La débâcle des armées fascistes italiennes sur tous les fronts détruit les rêves impériaux de Mussolini. Il ne peut plus aspirer à une annexions territoriale que par la grâce de son grand allié Hitler. Mais Hitler méprise les faibles. Il ne les garde pas comme associés. Il se les subordonne.
Le rôle du Duce est aujourd’hui celui d’un subordonné. Et le rôle des Italiens, c’est celui de garde-chiourme d’Hitler dans les Balkans ou de chair à canon en Russie. Rien de tout cela n’est bien glorieux, et le régime fasciste a grand besoin d’un succ;s d’amour-propre. Ce succès d’amour-propre, il compte de remporter à peu de frais sur le dos de la France vaincue.
Mais il y a Laval, et il y a Hitler, qui a besoin de Laval.

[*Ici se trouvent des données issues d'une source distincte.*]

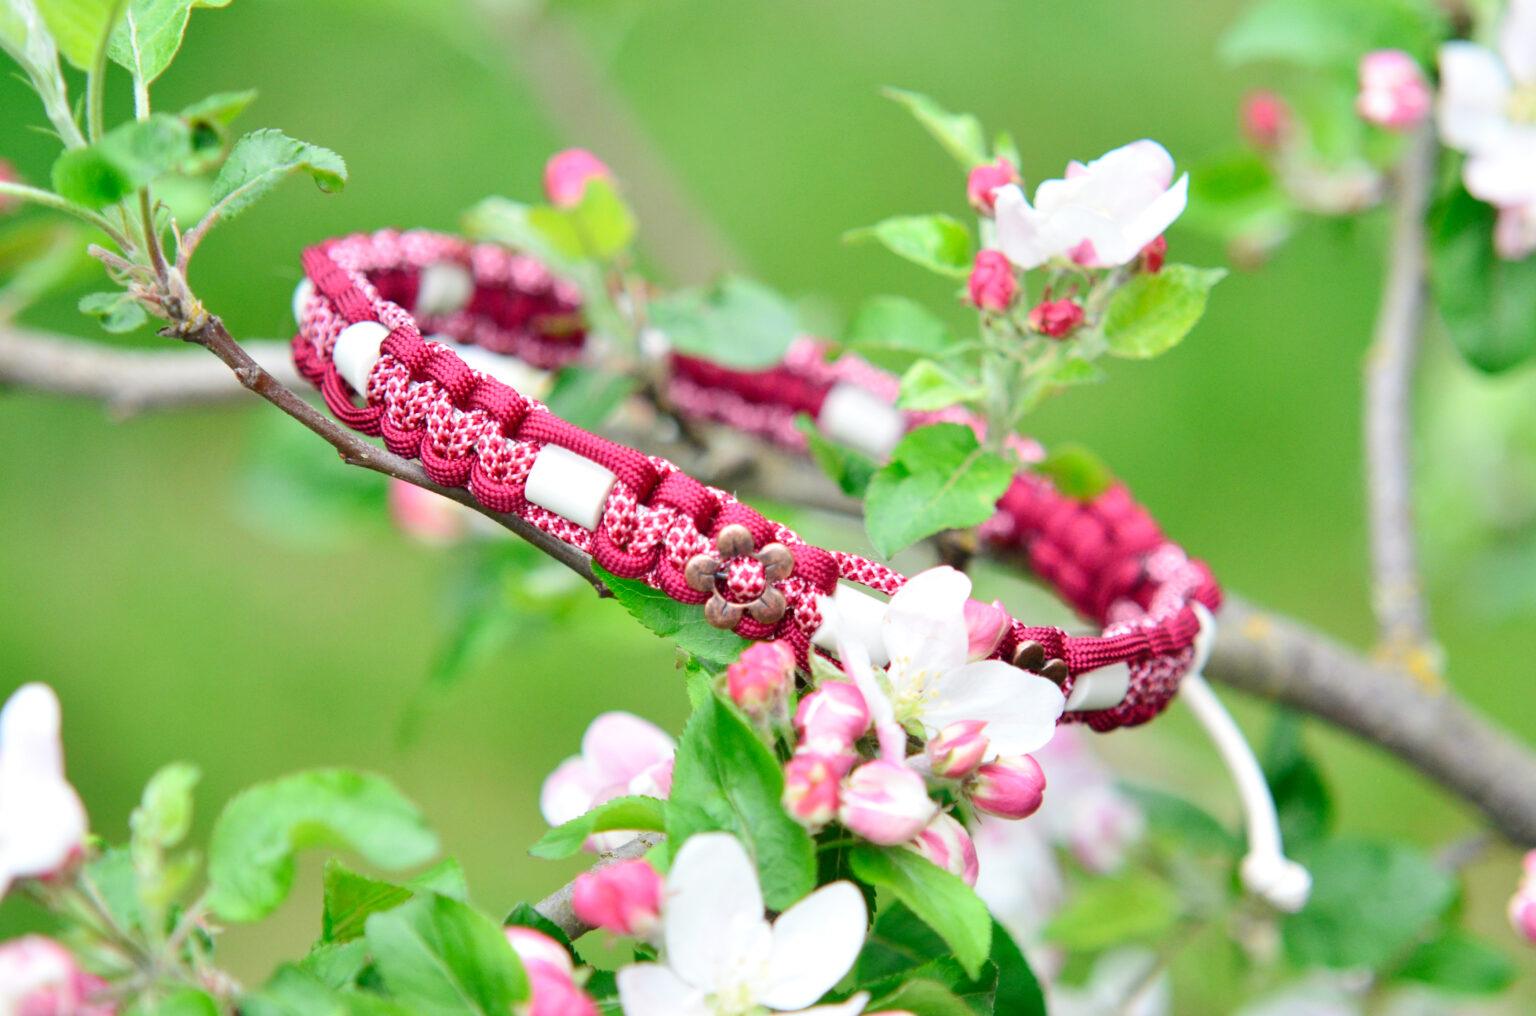 Neben den Keramikperlen trägt die hübsche Bella auch kupferfarbene Blumen an ihrem Zeckenhalsband.

Hitler a besoin de la fiction d’une France qui se gouverne librement à Vichy. Il peut ainsi amener beaucoup de Français à faire inconsciemment le jeu du germanisme en croyant seulement obéir à la voix de la France traditionnelle s’exprimant par la bouche d’un très vieux maréchal.
Et puis aussi, la fiction d’une France indépendante est très utile à Allemagne parce que le prestige spirituel de la France, qui reste immense; l’étendue de son Empire, qui couvre tous les continents et toutes les mers, et la puissance de sa flotte de guerre, qui reste si commodément suspendue comme une menace, permettent à la France, quoique vaincue, de continuer de jouer dans la guerre actuelle un rôle passif plus important que le rôle actif de l’Italie.

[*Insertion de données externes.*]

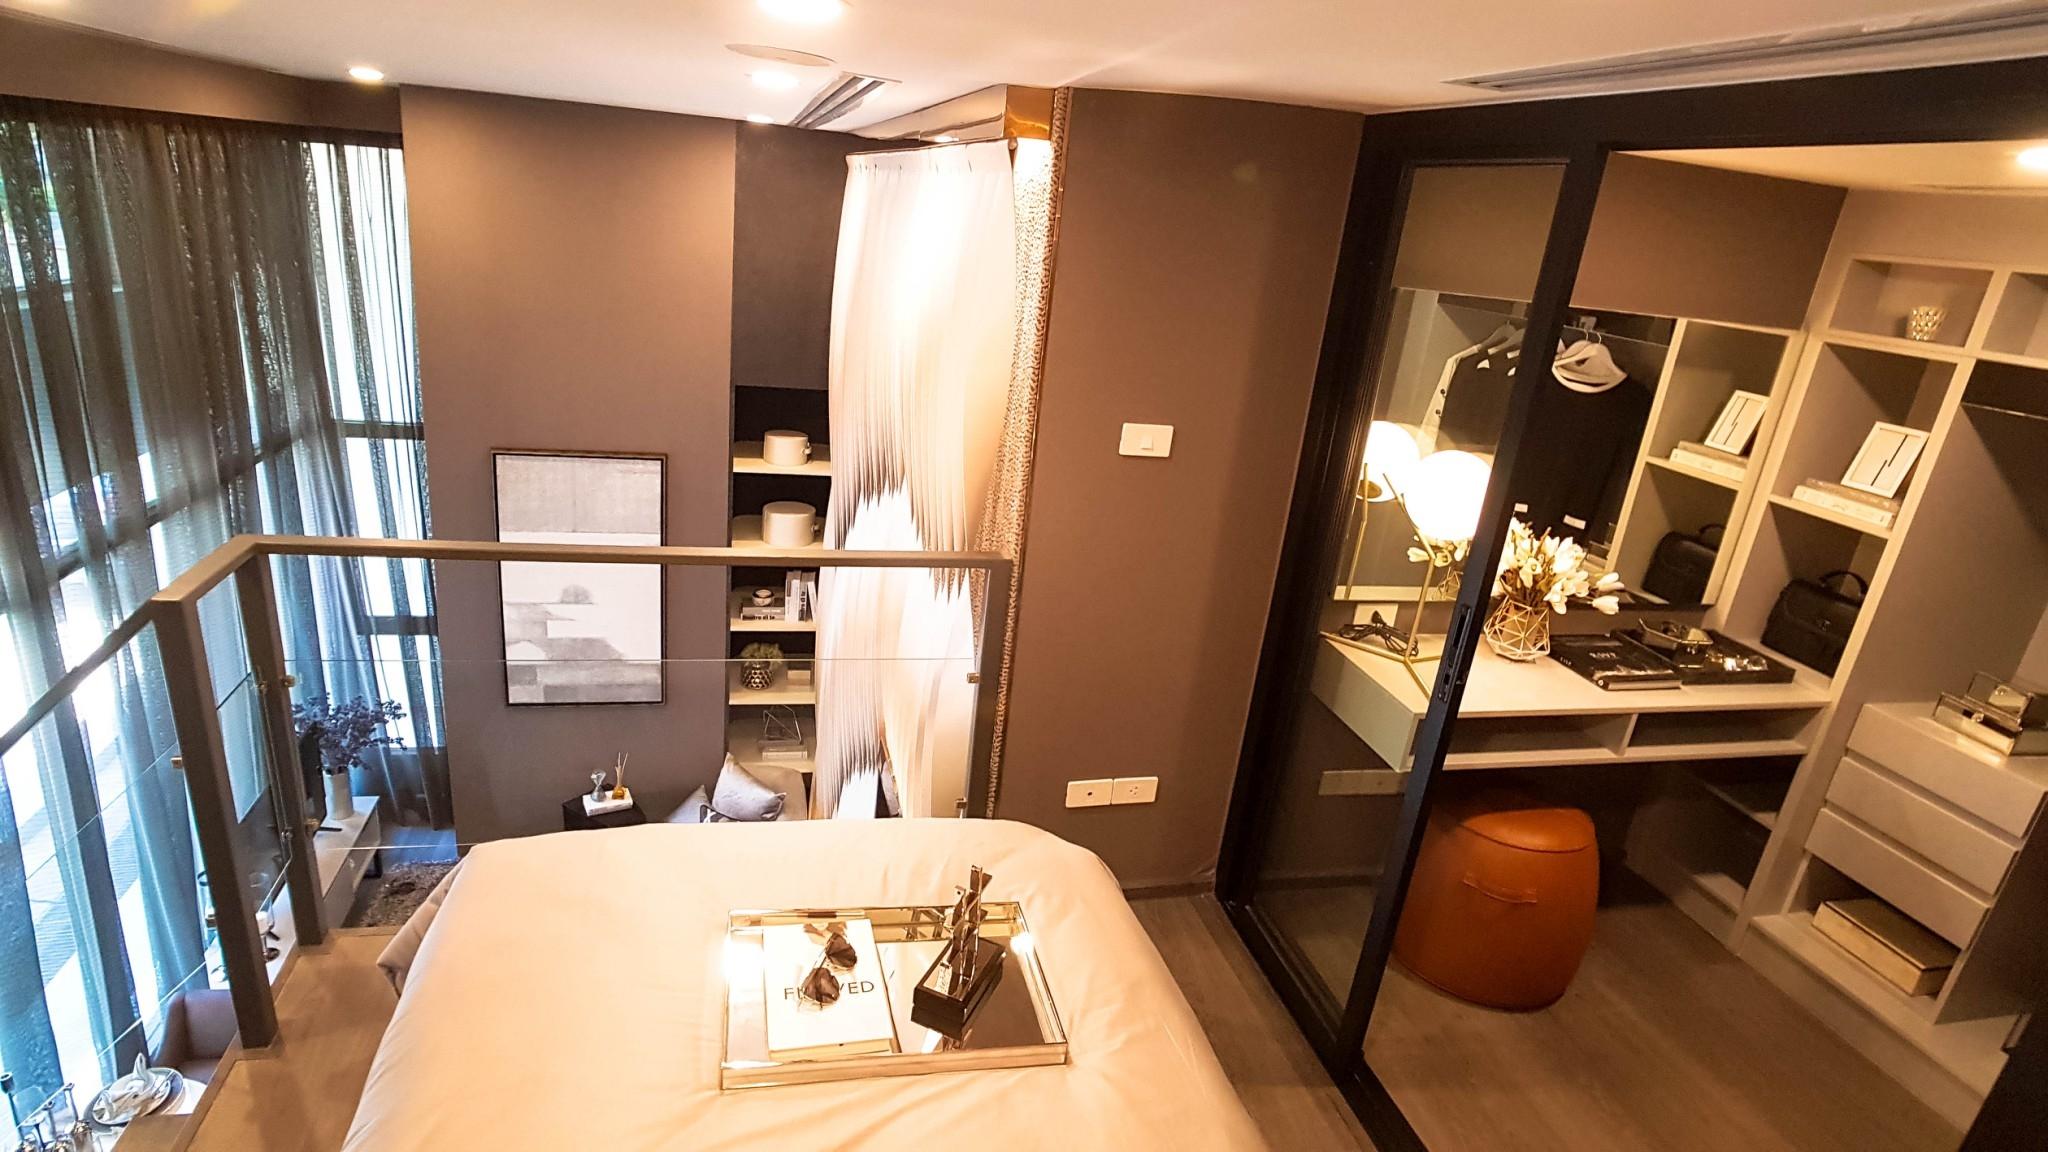 พื้นที่ชั้นบน ที่ออกแบบให้เป็นห้องนอน พร้อม walk-in closet

Cependant, le triumvirat Pétain-Darlan-Laval n’est libre ni devant Hitler, ni devant le peuple français, ni devant les Nations-Unies, et Berlin, qui sait tout cela, en profite pour appliquer à Vichy une politique de force et d’astuce où la douceur et la sévérité alternent presque d’un jour à l’autre depuis deux ans.
Une des manifestations de cette politique, c’est le jeu des revendications territoriales de l’Italie contre la France. Un jour, Hitler lâche son chien Mussolini. Et toute la meute fasciste aboie : « Nizza! A noi! Savoia, a noi! Corsica, a noi! Tunisia, a noi! » Le lendemain, Hitler ordonne, sévère : « Tais-toi, Benito! » et Benito vas se coucher piteusement, la queue entre les deux jambes.
Et cela dure depuis deux ans! Et même depuis plus longtemps – depuis avant la guerre!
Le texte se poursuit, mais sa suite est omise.